ByCrossFitDecember 22, 2019

One topic adjacent to the rotator cuff is an unpleasant one: shoulder impingement. Impingement is the impeding interaction of hard bony surfaces with softer muscular, connective, and neural tissues, causing pain. The conventional wisdom for the genesis of shoulder impingement syndrome is that the acromion process comes into contact with and impinges upon the tendinous underlying tissues. This is suggested to occur when the arm is lifted, bringing the humeral head and shaft into close proximity with the acromion. The idea is that this movement, when repeated over time, compresses and damages the softer tissues.

Figure 1: Theory suggests the elevation of the humerus in flexion or abduction will narrow the space between the head of the humerus and the acromion process of the scapula, and this narrowing causes compression of the tissues between the two bony structures.

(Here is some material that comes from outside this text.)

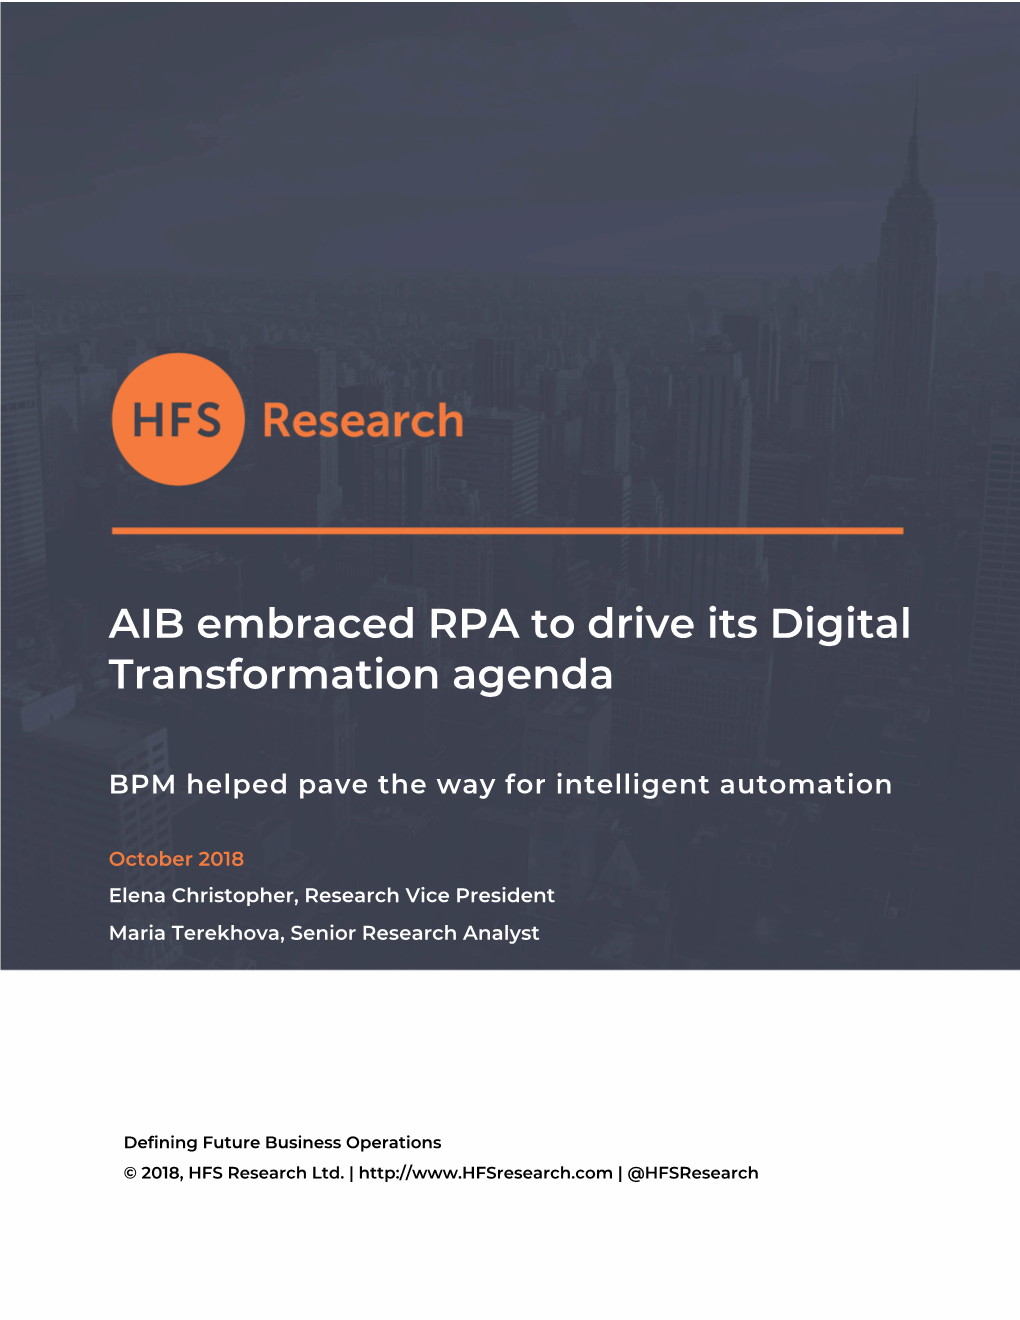 AIB Embraced RPA to Drive Its Digital Transformation Agenda

While this may actually occur, computer and physical models indicate the frequency of occurrence can be greatly reduced by simple instruction on overhead movement technique. How we position the arm in space has a tremendous effect on the distance between the acromion process and the humerus. If we start with the palm down and attempt to abduct the humerus to overhead, the humerus will interact with the acromion and inhibit further overhead motion. If we force it, impingement in the form of increased pressure on the soft tissues results.

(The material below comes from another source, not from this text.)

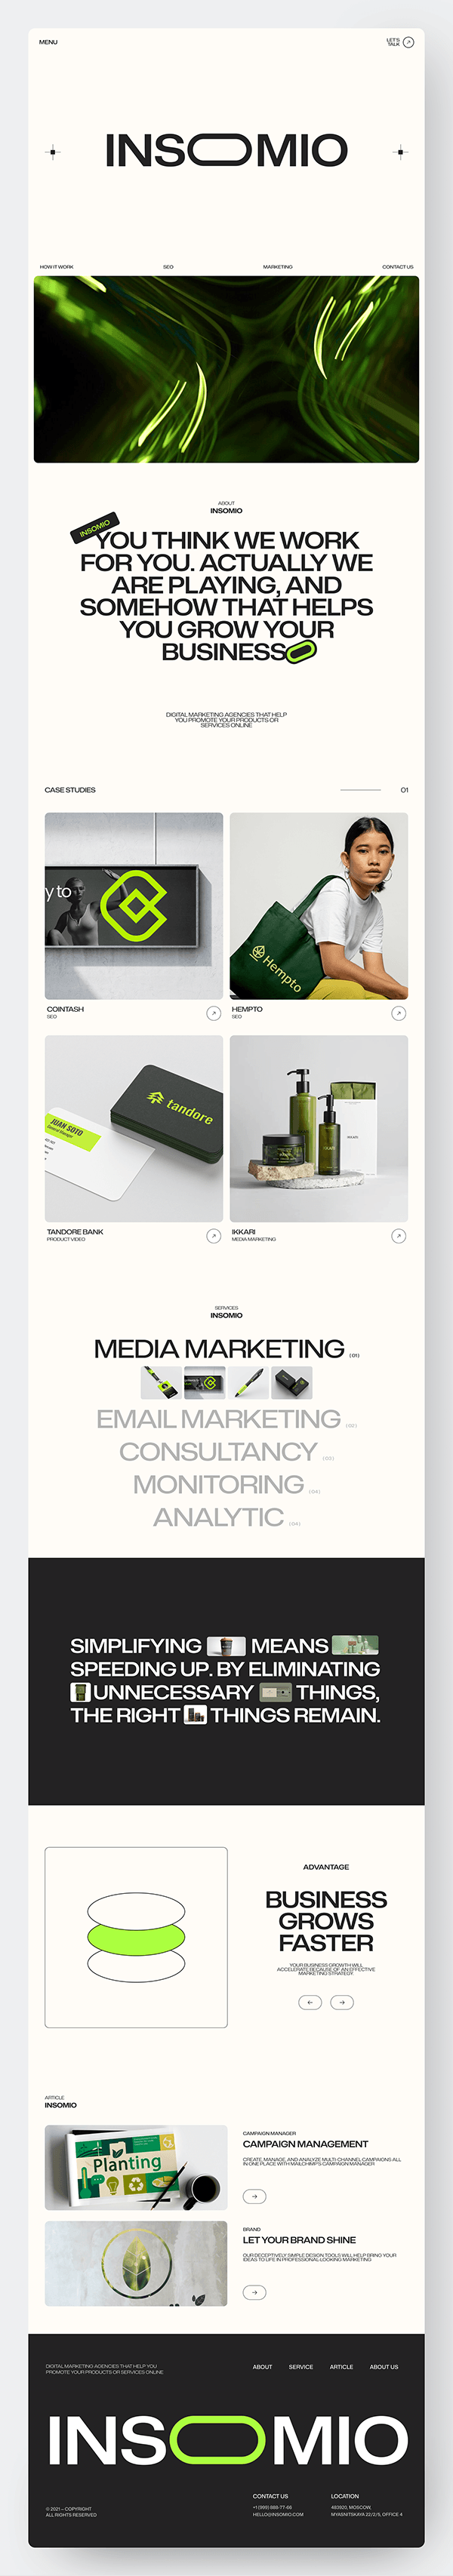 Insomio - Digital Marketing Agency Landing Page

If, however, at any point in the upward ascent of the humerus we externally rotate it, we increase range of motion before impingement occurs.

Figure 2: Simple rotation of the humerus at the shoulder reorients the greater tubercle away from the acromion process. Note the difference in protrusion profile between the two images. The rotated humeral head (right) curves down without protrusion, thus increasing the available range of motion. If we rotate the humerus as shown here, when raised overhead the elbow will move from pointing medially, to pointing inferiorly, and finally, laterally.

Figure 3: Rotating the humerus in the glenoid fossa creates more subacromial space and delays the point of contact.

Further remediation can be accomplished by simply allowing the scapulae to rotate medially. Using the trapezius to elevate and rotate the scapula with the aid of the serratus anterior, the spine of the scapula becomes more vertical, and this maintains the space between the acromion process and the humerus.

Figure 4: Rotating the scapula, a nearly involuntary effect when raising the arm overhead, aids in keeping the acromion process and humeral head apart. The combined effects of humeral and scapular rotation allow for arm orientations past vertical.